# High School Mathematics Extensions/Primes/Problem Set/Solutions

### Question 1

Is there a rule to determine whether a 3-digit number is divisible by 11? If yes, derive that rule.

Solution

Let x be a 3-digit number We have

$x=100a+10b+c\!$

now

$x\equiv a+10b+c\equiv a-b+c{\pmod {11}}\!$

We can conclude a 3-digit number is divisible by 11 if and only if the sum of first and last digit minus the second is divisible by 11.

### Question 2

Show that p, p + 2 and p + 4 cannot all be primes. (p a positive integer and is great than 3)

Solution

We look at the arithmetic mod 3, then p slotted into one of three categories

1st category
$p\equiv 0{\pmod {3}}\!$
we deduce p is not prime, as it's a multiple of 3
2nd category
$p\equiv 1{\pmod {3}}\!$
$p+2\equiv 0{\pmod {3}}\!$
so p + 2 is not prime
3rd category
$p\equiv 2{\pmod {3}}\!$
$p+4\equiv 0{\pmod {3}}\!$
therefore p + 4 is not prime

Therefore p, p + 2 and p + 4 cannot all be primes.

### Question 3

Find x

${\begin{matrix}x\equiv 1^{7}+2^{7}+3^{7}+4^{7}+5^{7}+6^{7}+7^{7}\ {\pmod {7}}\\\end{matrix}}$

Solution

Notice that

$-a\equiv 7-a{\pmod {7}}\!$ .

Then

$1^{7}\equiv (7-6)^{7}\equiv (-6)^{7}\equiv -(6^{7}){\pmod {7}}\!$ .

Likewise,

$2^{7}\equiv -5^{7}{\pmod {7}}\!$

and

$3^{7}\equiv -4^{7}{\pmod {7}}\!$ .

Then

 $x\!$ $\equiv 1^{7}+2^{7}+3^{7}+4^{7}+5^{7}+6^{7}+7^{7}\!$ $\equiv 1^{7}+2^{7}+3^{7}-3^{7}-2^{7}-1^{7}+7^{7}\!$ $\equiv 0{\pmod {7}}\!$ ### Question 4

9. Show that there are no integers x and y such that

$x^{2}-5y^{2}=3\!$

Solution

Look at the equation mod 5, we have

$x^{2}=3{\pmod {5}}\!$

but

 $1^{2}\equiv 1\!$ $2^{2}\equiv 4\!$ $3^{2}\equiv 4\!$ $4^{2}\equiv 1\!$ therefore there does not exist a x such that

$x^{2}\equiv 3{\pmod {5}}\!$

### Question 5

Let p be a prime number. Show that

(a)

$(p-1)!\equiv -1\ {\pmod {p}}$

where

$n!=1\cdot 2\cdot 3\cdots (n-1)\cdot n$

E.g. 3! = 1×2×3 = 6

(b) Hence, show that

${\sqrt {-1}}\equiv {\frac {p-1}{2}}!{\pmod {p}}$

for p ≡ 1 (mod 4)

Solution

a) If p = 2, then it's obvious. So we suppose p is an odd prime. Since p is prime, some deep thought will reveal that every distinct element multiplied by some other element will give 1. Since

$(p-1)!=(p-1)(p-2)(p-3)\cdots 2\!$

we can pair up the inverses (two numbers that multiply to give one), and (p - 1) has itself as an inverse, therefore it's the only element not "eliminated"

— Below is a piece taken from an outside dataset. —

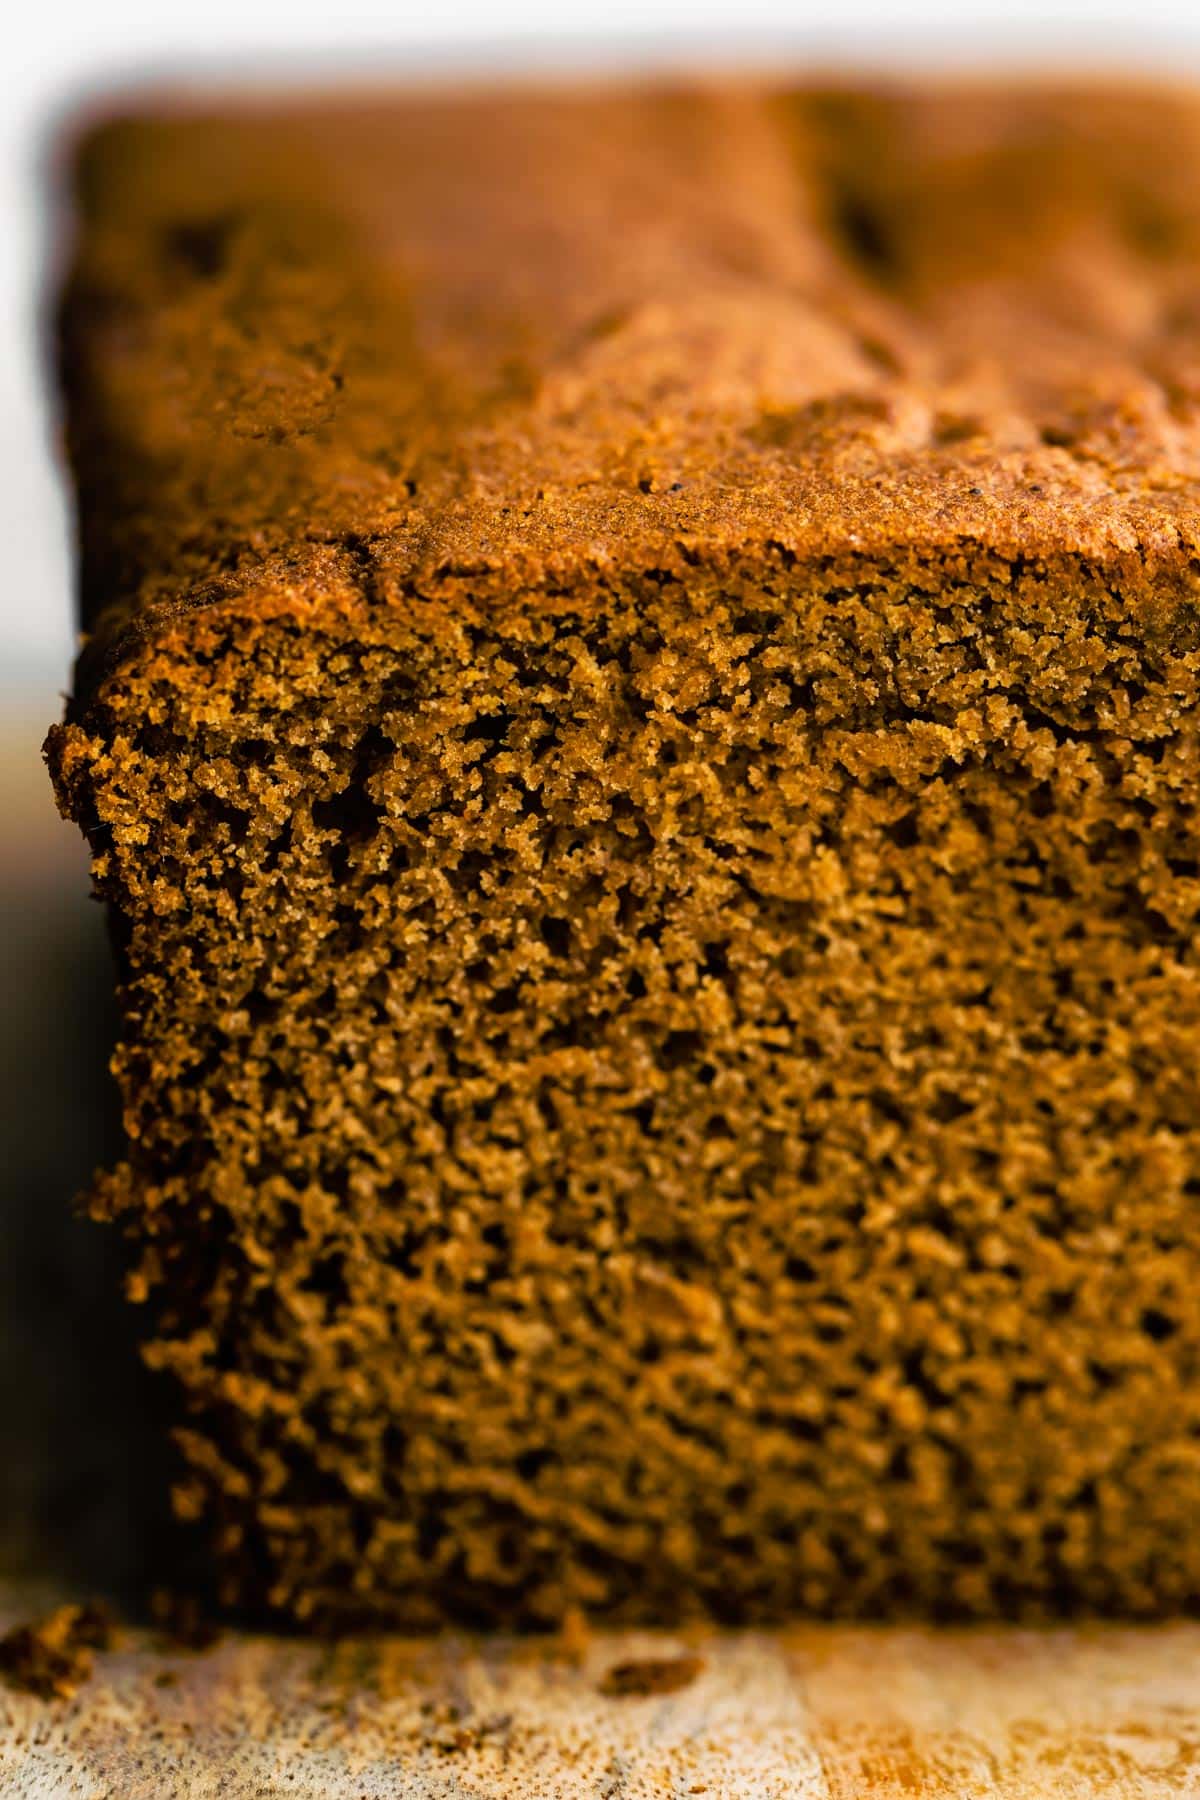 Up close photo of the crumb of a gluten free gingerbread loaf.
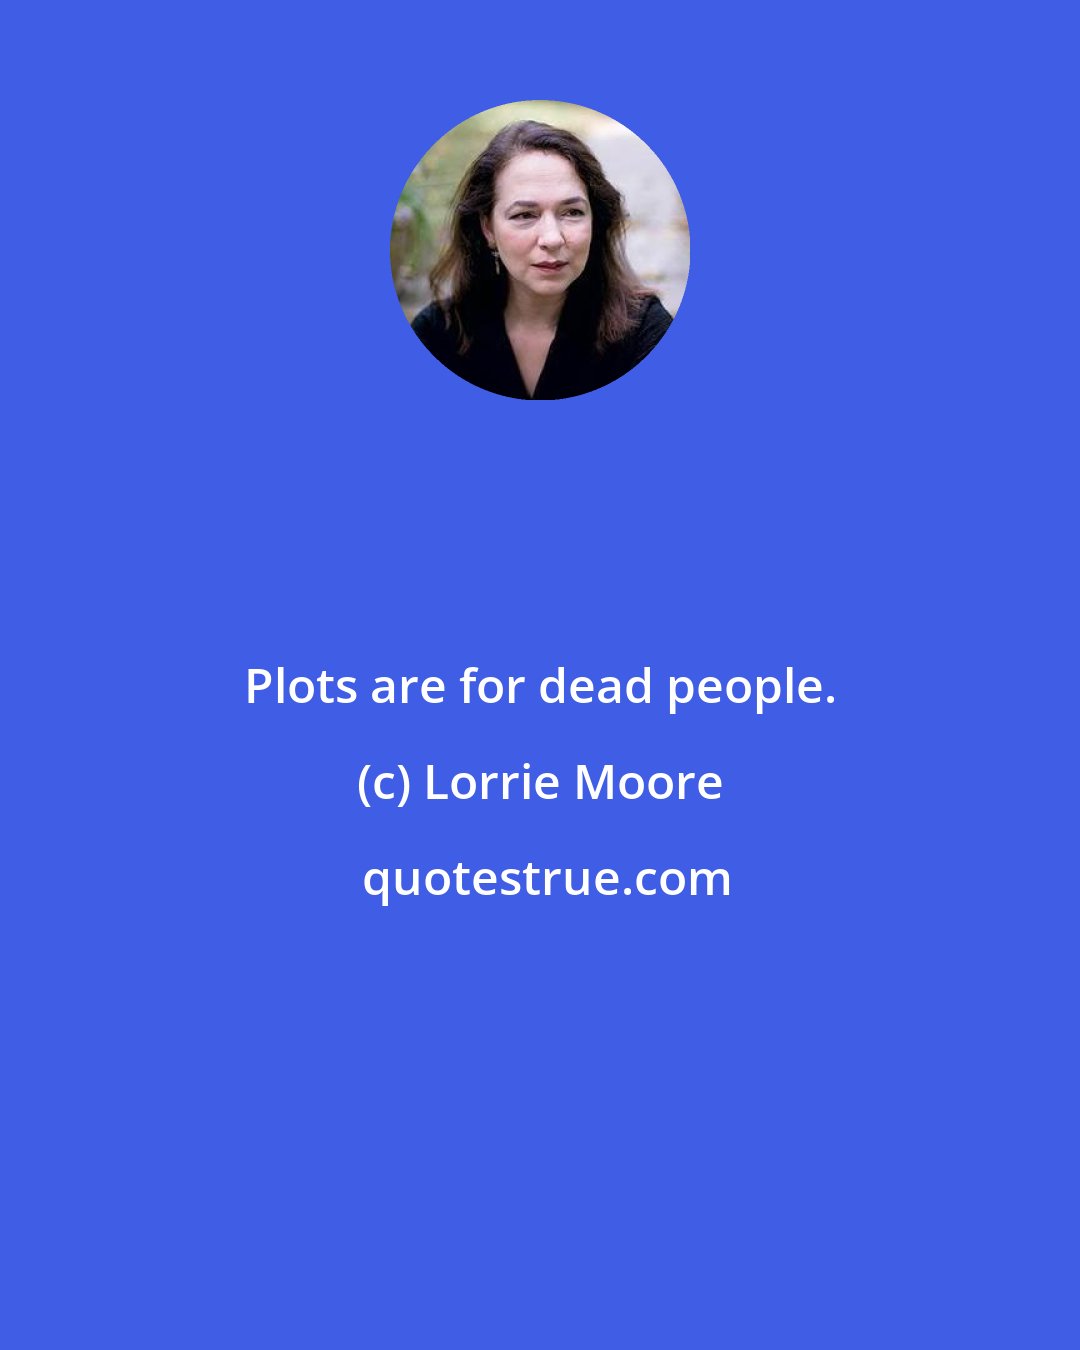 Lorrie Moore: Plots are for dead people.

 $(p-1)!\equiv (p-1)\equiv -1\!$ as required.

b) From part a)

$-1\equiv (p-1)!\!$

since p = 4k + 1 for some positive integer k, (p - 1)! has 4k terms

$-1=1\times 2\times 3\times \cdots 2k\times (-2k)\cdots \times (-3)\times (-2)\times (-1)$

there are an even number of minuses on the right hand side, so

$-1=(1\times 2\times 3\times \cdots 2k)^{2}$

it follows

${\sqrt {-1}}=1\times 2\times 3\times ...2k$

and finally we note that p = 4k + 1, we can conclude

${\sqrt {-1}}={\frac {p-1}{2}}!$